Need Portability and Interoperability to realize the potential benefits. In HealthVault, Microsoft is developing a health info ecosystem, much like Facebook and MySpace did for digital photography. Unlimited opportunity for you to share your data, on your terms, with whomever you want.

John Young from CIGNA says lifestyle accounts for most of the risk of chronic conditions. He says it’s not a decision of whether to do consumer-driven health care, but how. By year end 59 percent of employers will be using consumer-driven models. Companies need to design their plans as an “on-ramp” to promote consumerism. He says consumerism could save about $2,300 per employee per year within 5 years, without cost shifts. CIGNA’s offering is CIGNA Care Connections, and he says the key is making it simple. Better choices = improved health and lower cost. Incentives drive better decisions. Pharmacy tools enable consumers to compare specific costs for their particular prescriptions. Next up is a Cost of Care Estimator. Patients will get much more interested in how much the bill will be when they have HSAs and similar plans. 

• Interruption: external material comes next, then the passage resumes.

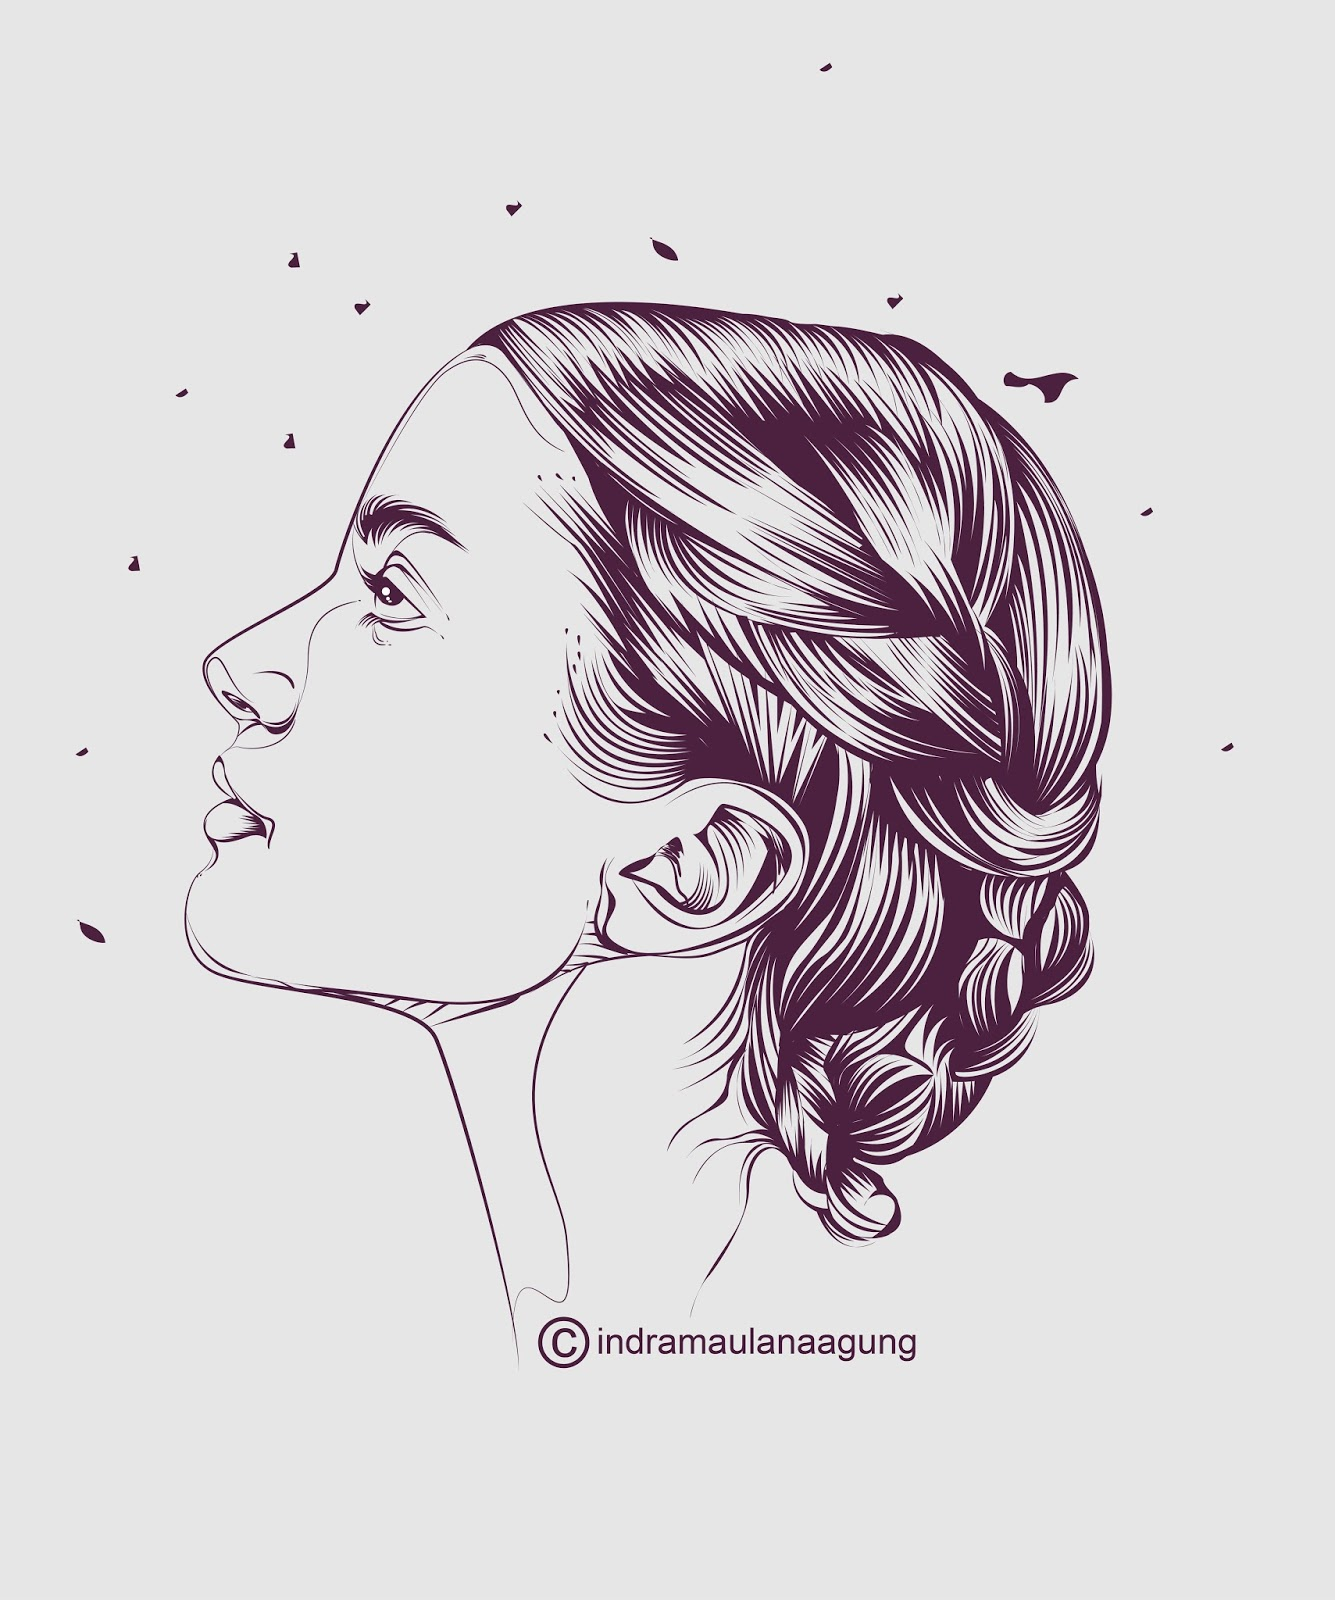 Line Art Adobe Illustrator : Adobe illustrator tutorial line art ideosprocess

Need to change language; instead of “coinsurance” need to say “amount you pay after the deductible.” The goal is to build confidence and self-sufficiency among consumers.

Craig Froude from WebMD Health Services works with a lot of big employers and health plans with the goal of improving health outcomes and lowering health care costs. They create an individual profile for each IBM employee, for example, and import lots of data from various sources into the system without the employee needing to enter information. Based on these data he says they deliver personalized, targeted information and recommendations. It’s called WebMD Health & Benefits Manager. He says 1.8 million people took a risk assessment last year, and 43 percent started an exercise program, 40 percent changed diet, but 26 percent reported making no changes. His team’s goal is to increase the proportion of users actually taking action.

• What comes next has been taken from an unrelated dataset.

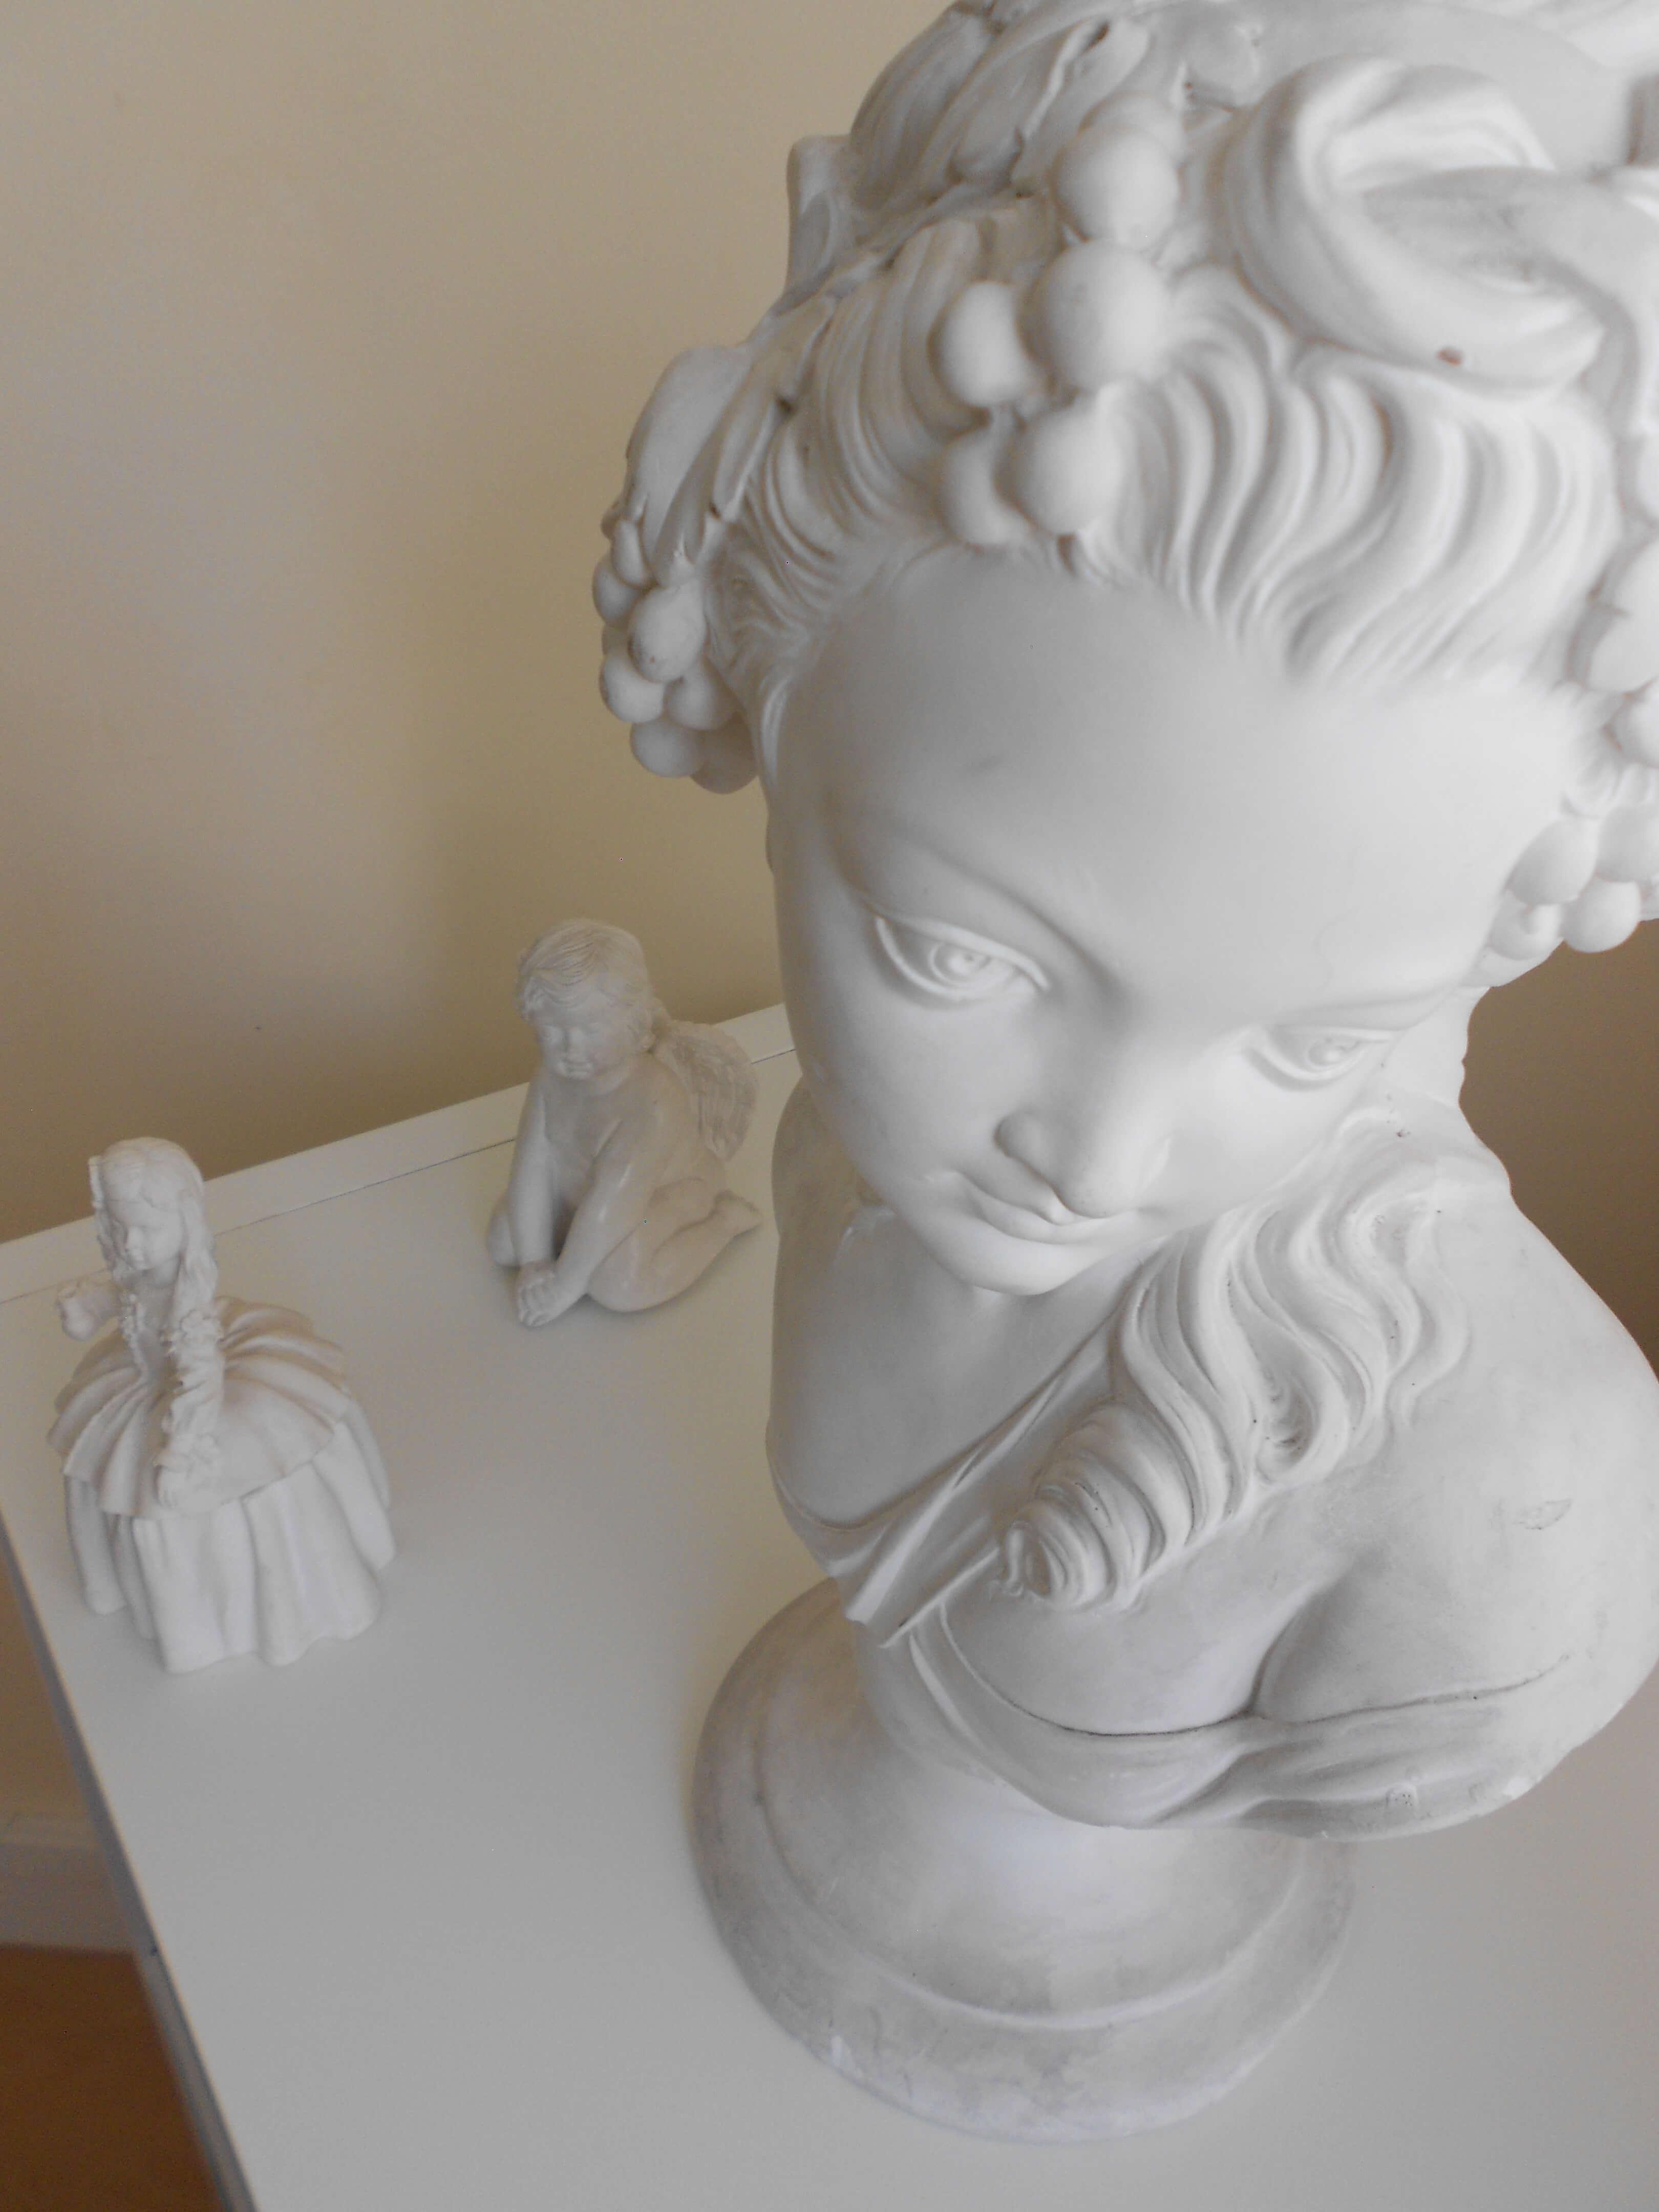 Academia-de-arte-Marta-Caravaca-curso-escultura

Vince Kuraitis, the moderator, concluded the presentations with what he calls “5 New Realities”

  1. Personal control of PHI displaces health care incumbents and puts patients in charge. Emerging reality: Patients say: “It’s my data. Hand it over. NOW.” Now HealthVault and Google are making it practical for patients to exercise the rights they already have.
  2. Proprietary IT and processes give way to open standards and collaborative business models. Collaborative Care Management Networks are required to coordinate care, just as you don’t worry today about using a non-network ATM (other than some extra fees.) But 70 percent of PHRs are not interoperable.
  3. The Personal Health Info Network facilitates incremental advances toward interoperability and liquidity. This has been moving very slowly, but now we’re moving from Ready, Aim, Fire to Ready, Fire, Aim
  4. The jury is in: patients will use PHRs. Conventional wisdom says adoption rates are low, but the emerging reality is patients value integrated PHR systems. Kaiser has 30 percent adoption and Group Health has 50 percent.
  5. Google, Microsoft and others are collaborating in creating a new ecosystem. Conventional wisdom says it’s a battle between the titans, but the emerging reality is “It’s a new ecosystem!”